Fear not, the archiving industry is here to protect you. A trend has emerged from companies who have successfully abandoned the point solution approach in favor of greener pastures. By consolidating their eDiscovery process into one end-to-end solution, they have successfully eliminated the need for point solutions. Aside from the obvious cost savings, these companies were better able to maintain chain of custody, perform faster searches, and go to one place to discover all electronically-stored information (ESI).

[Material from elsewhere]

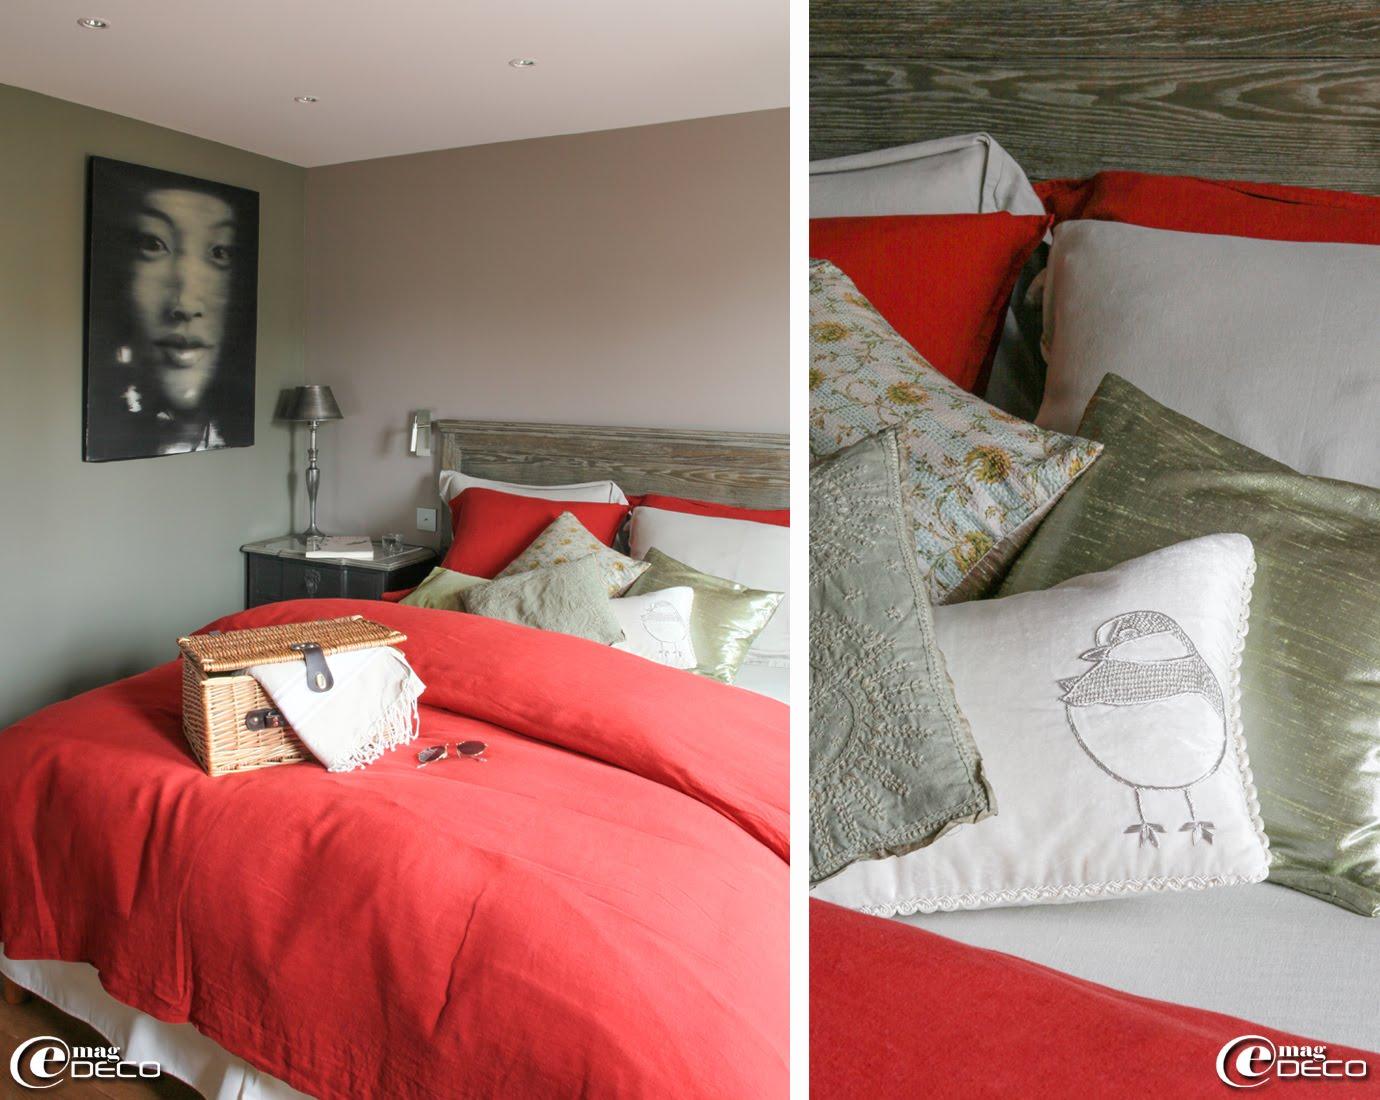 Dans une chambre de la maison d'hôtes 'Le Cottage', mobilier 'Blanc d'Ivoire' et toile de Philippe Brosse, coussins et linge de lit 'Le Monde Sauvage'

This is done in one of two ways: reactively and proactively. The reactive approach caters to companies with less litigation, crawling different data sources to retrieve custodians’ ESI and bring it into the archive after notice of a lawsuit has been received. Although reactive eDiscovery is less common, it is a viable solution for generally smaller companies who do not value a centralized repository for their unstructured data. The proactive approach is geared toward larger companies whose legal teams are constantly under the gun. In this scenario, all of a company’s information is collected and managed in the archive prior to notice of litigation, meaning that, with a few legal holds, they have identified, preserved, and collected all of the relevant information for the case.
This is where flexibility comes into play: Companies who practice the proactive eDiscovery approach can even use their normal review tools and point solutions for workflow purposes while still receiving major cost and time savings, if they so choose. By managing the information up front they export less data from the archive due to deduplication, saving incredible amounts of money from point solutions and outside counsel. Legal teams also have the ability to perform early case assessment (ECA) right within the archive; so with the right search engine, a company can decide whether to fight or settle within hours. As one GC once told me, “Business law isn’t about winning or losing. It is about winning and losing early.”
Legal budgets are core components of business strategy: not mere slushy money to be fought over. Stop giving up your legal budget to point solution bullies. There are many ways to fight back, whether it be limiting the amount you give away or fighting back with a radically different approach. It’s time to think about long-term goals and outcomes of information governance, rather than being pushed around for your last bits of spare change. We’ve even set up a technology bullying hotline, to (anonymously) help those in need: just call (408)-240-8989… and ask for Lyons.
In the end, my personal struggle with Colonel may have ended like the Battle of Thermopylae. However, there’s hope for others, and a lesson to be learned. I have a hard time believing that any savvy business would suffer physical consequences for confronting their technology tormenters. There’s no reason to allow your slushy money to pad their slush funds. It’s time to take a stand. Who knows… they may even beg you to stay.